— Problem to work on —
Your job with the data below: print everything from the line that holds "Горизонт Європа в" down to the line that holds "PAOLO CONTE A", ends included, exactly, and nothing else.

— Excerpted records —
#####

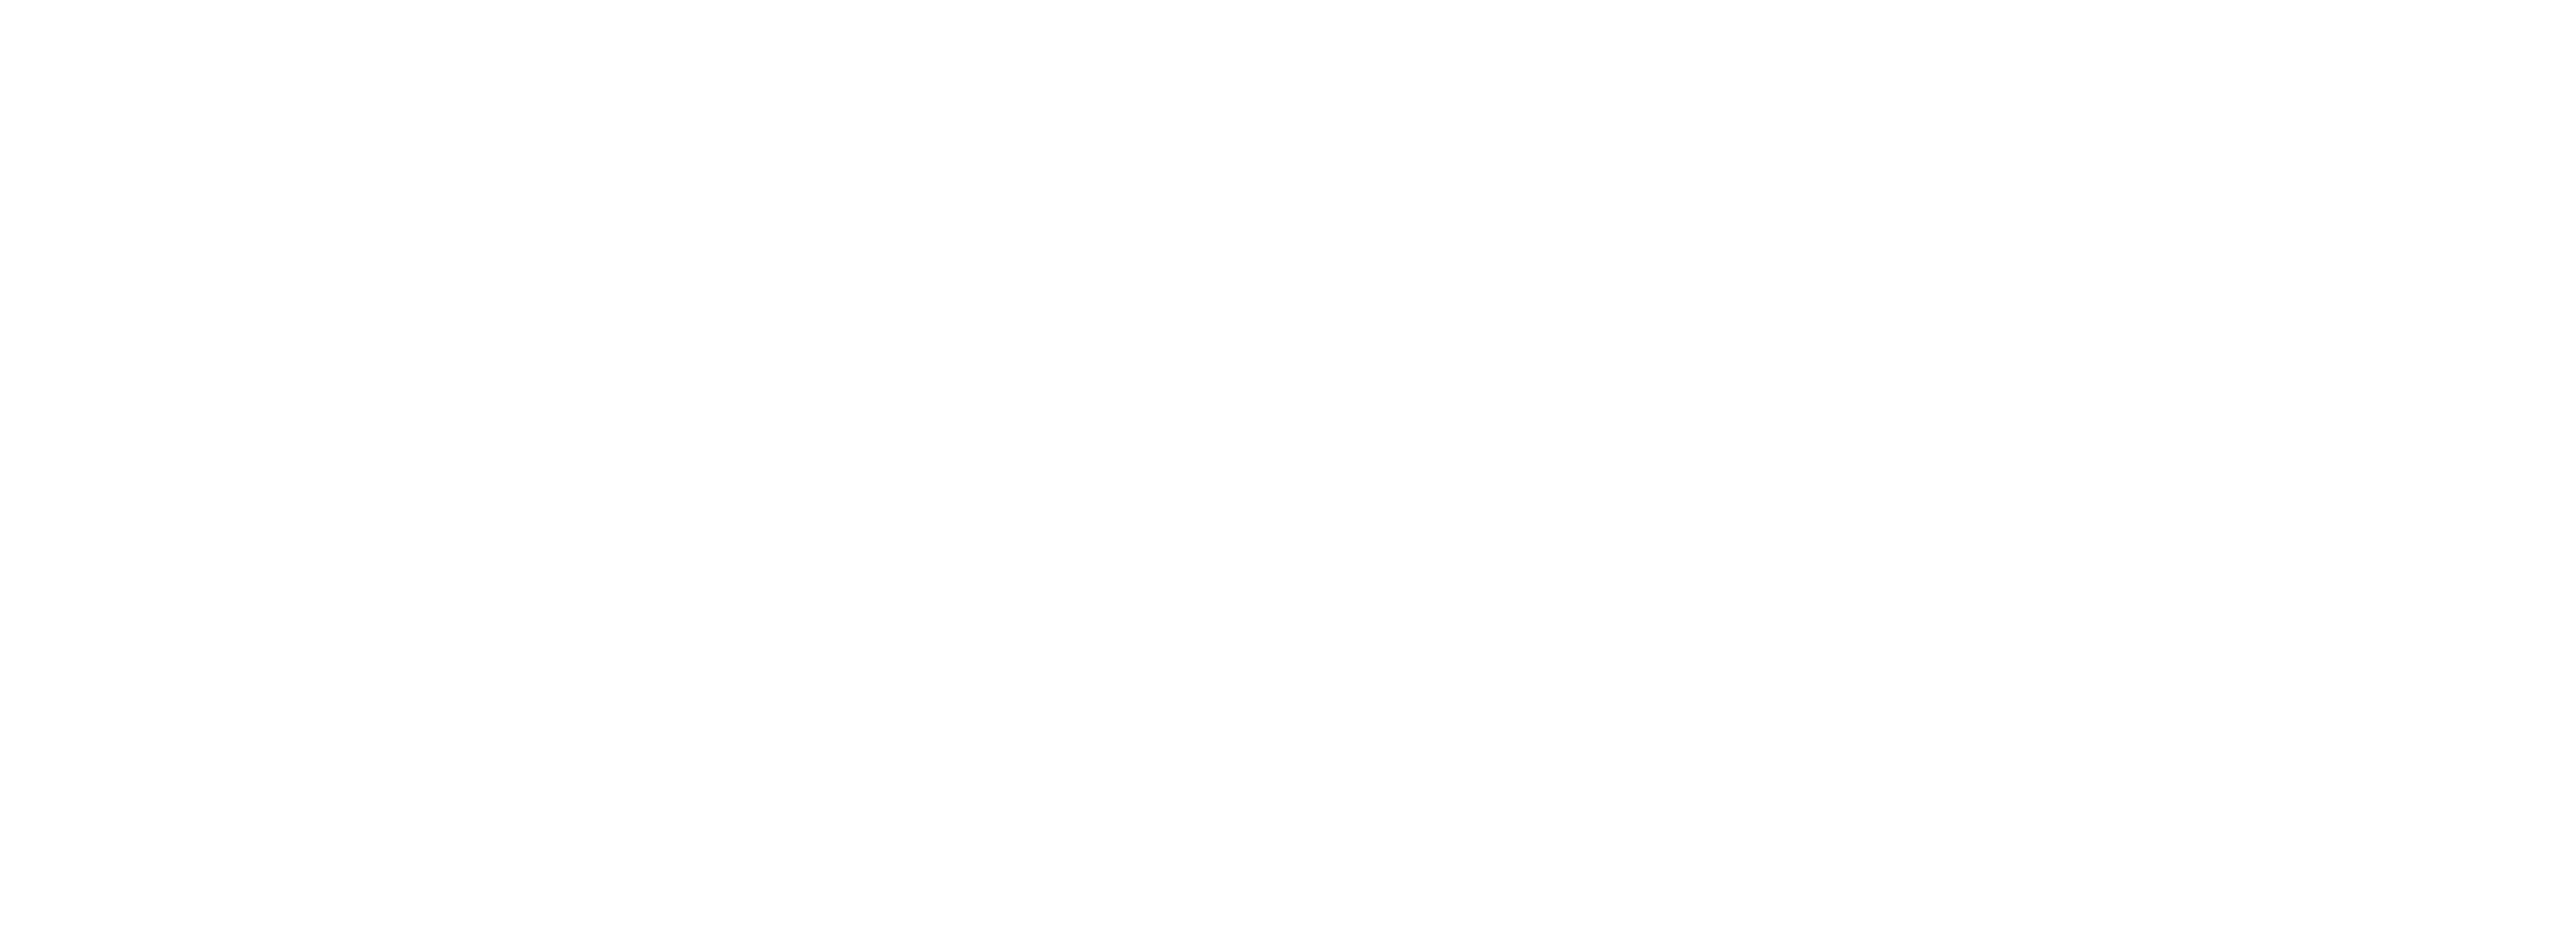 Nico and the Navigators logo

#####

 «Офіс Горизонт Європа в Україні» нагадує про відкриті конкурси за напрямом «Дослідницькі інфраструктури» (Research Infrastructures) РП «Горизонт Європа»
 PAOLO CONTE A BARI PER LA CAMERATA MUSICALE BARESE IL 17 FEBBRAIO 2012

#####

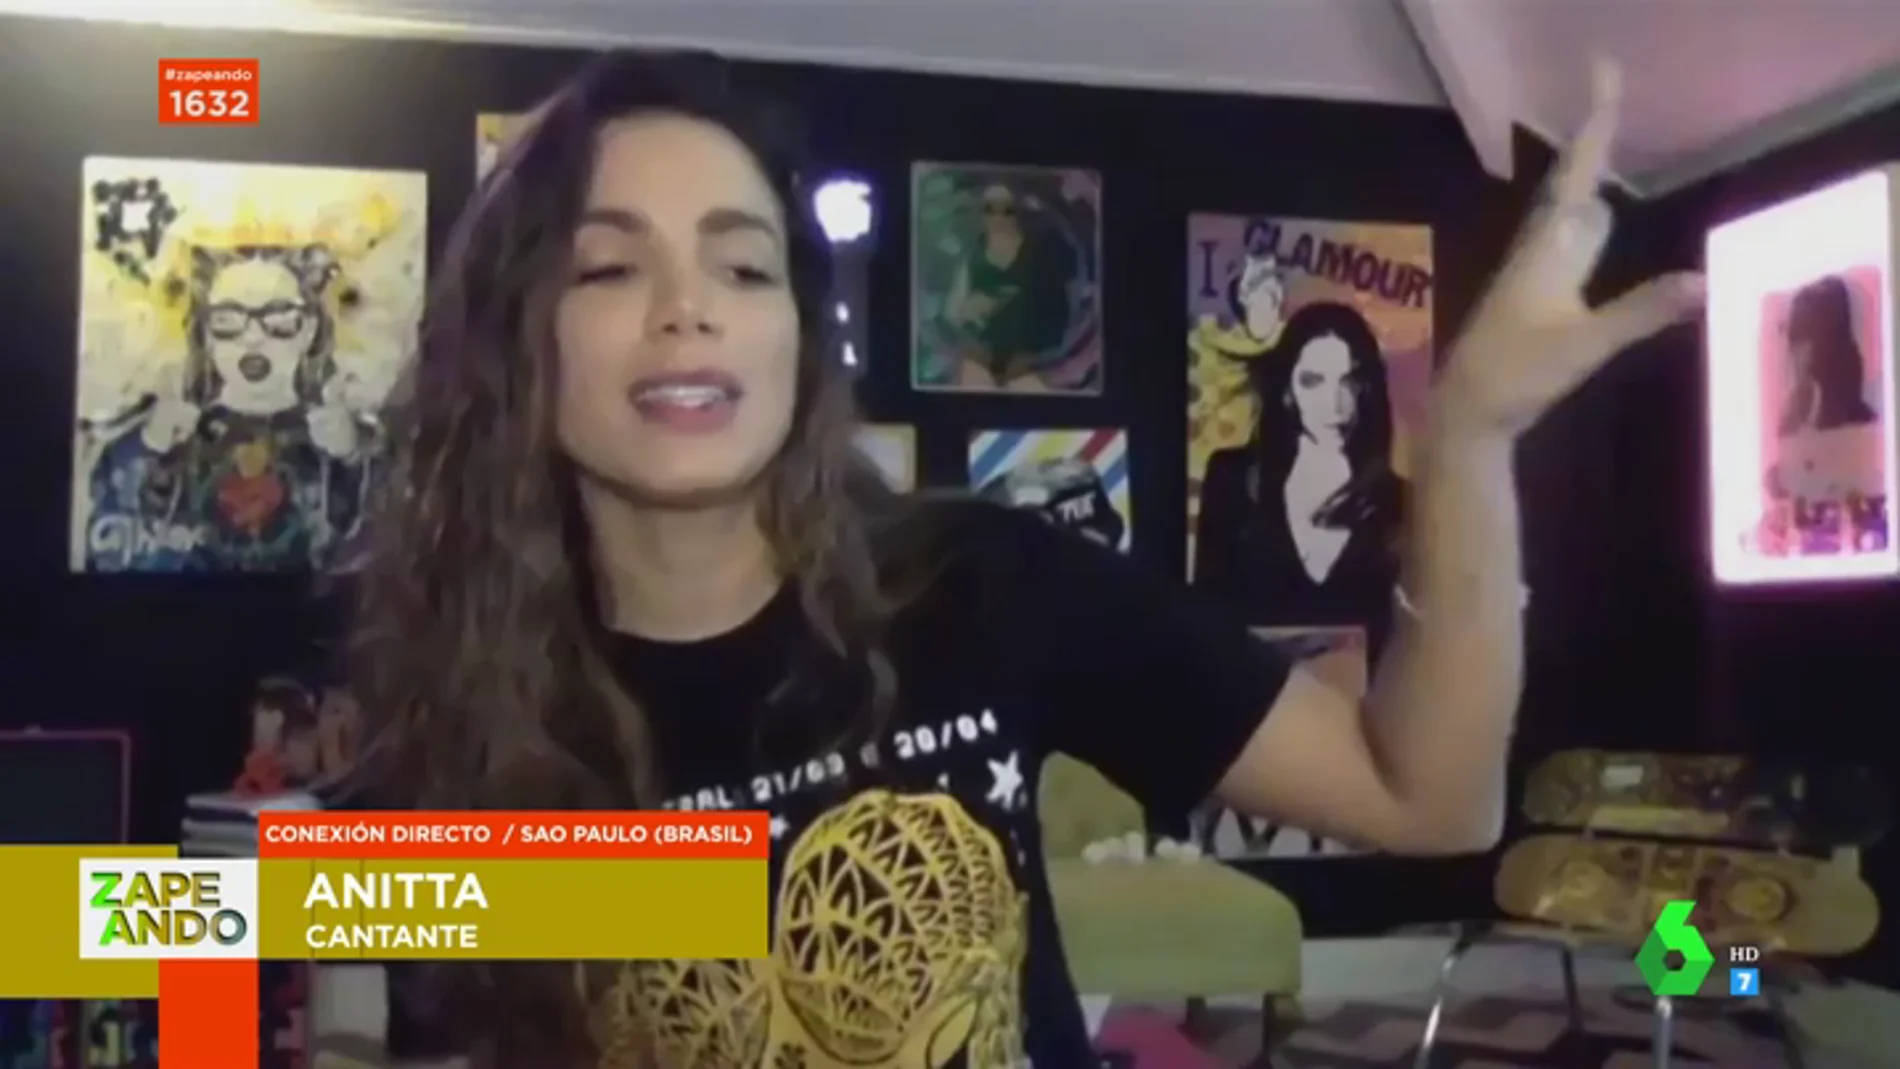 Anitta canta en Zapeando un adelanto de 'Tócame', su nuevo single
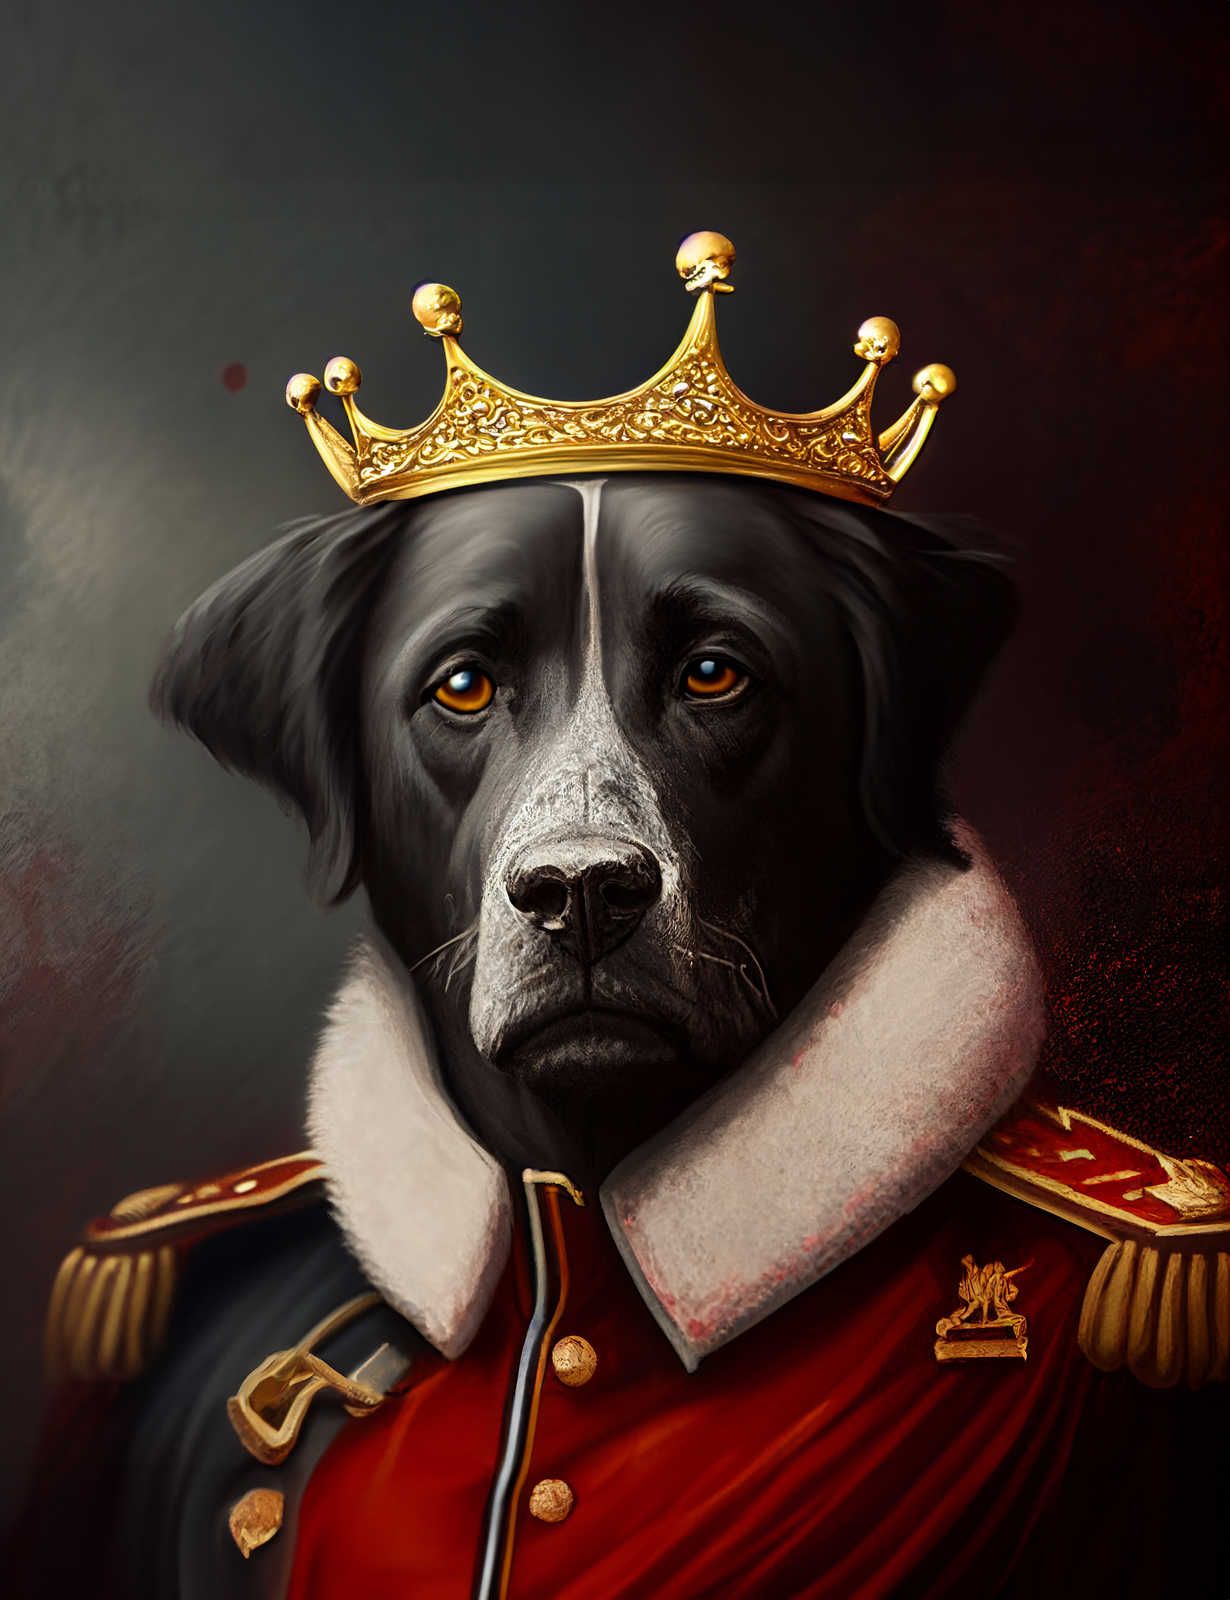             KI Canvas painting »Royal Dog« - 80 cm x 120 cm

#####

— Solution to this exercise —
 «Офіс Горизонт Європа в Україні» нагадує про відкриті конкурси за напрямом «Дослідницькі інфраструктури» (Research Infrastructures) РП «Горизонт Європа»
 PAOLO CONTE A BARI PER LA CAMERATA MUSICALE BARESE IL 17 FEBBRAIO 2012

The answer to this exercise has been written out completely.